Retype, exactly as they appear below, the lines between the line holding "14K YELLOW GOLD" and the line holding "Lana Gloss Leather Mule in Black", both ends included.

■ Stored data ■
((
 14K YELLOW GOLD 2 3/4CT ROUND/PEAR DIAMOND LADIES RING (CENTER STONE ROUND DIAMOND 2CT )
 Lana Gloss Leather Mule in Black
))
((
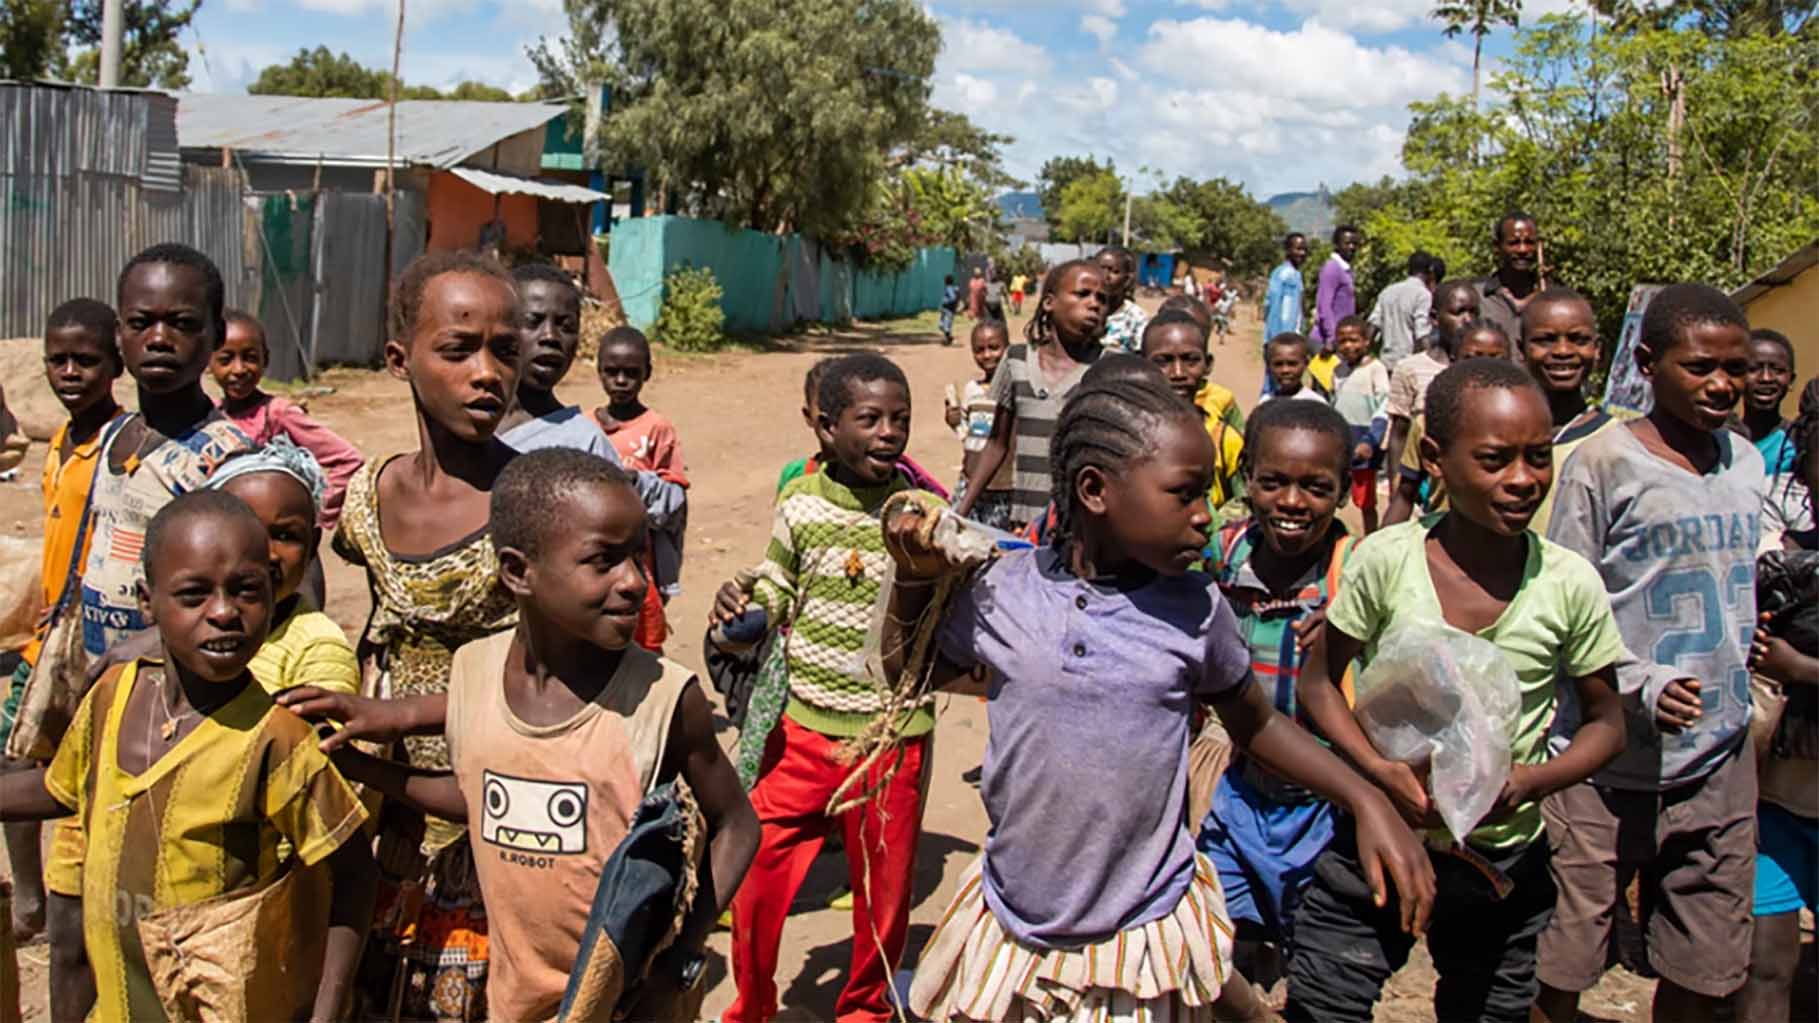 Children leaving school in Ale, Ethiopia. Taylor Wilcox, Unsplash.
))
■ Exercise solution ■
 14K YELLOW GOLD 2 3/4CT ROUND/PEAR DIAMOND LADIES RING (CENTER STONE ROUND DIAMOND 2CT )
 Lana Gloss Leather Mule in Black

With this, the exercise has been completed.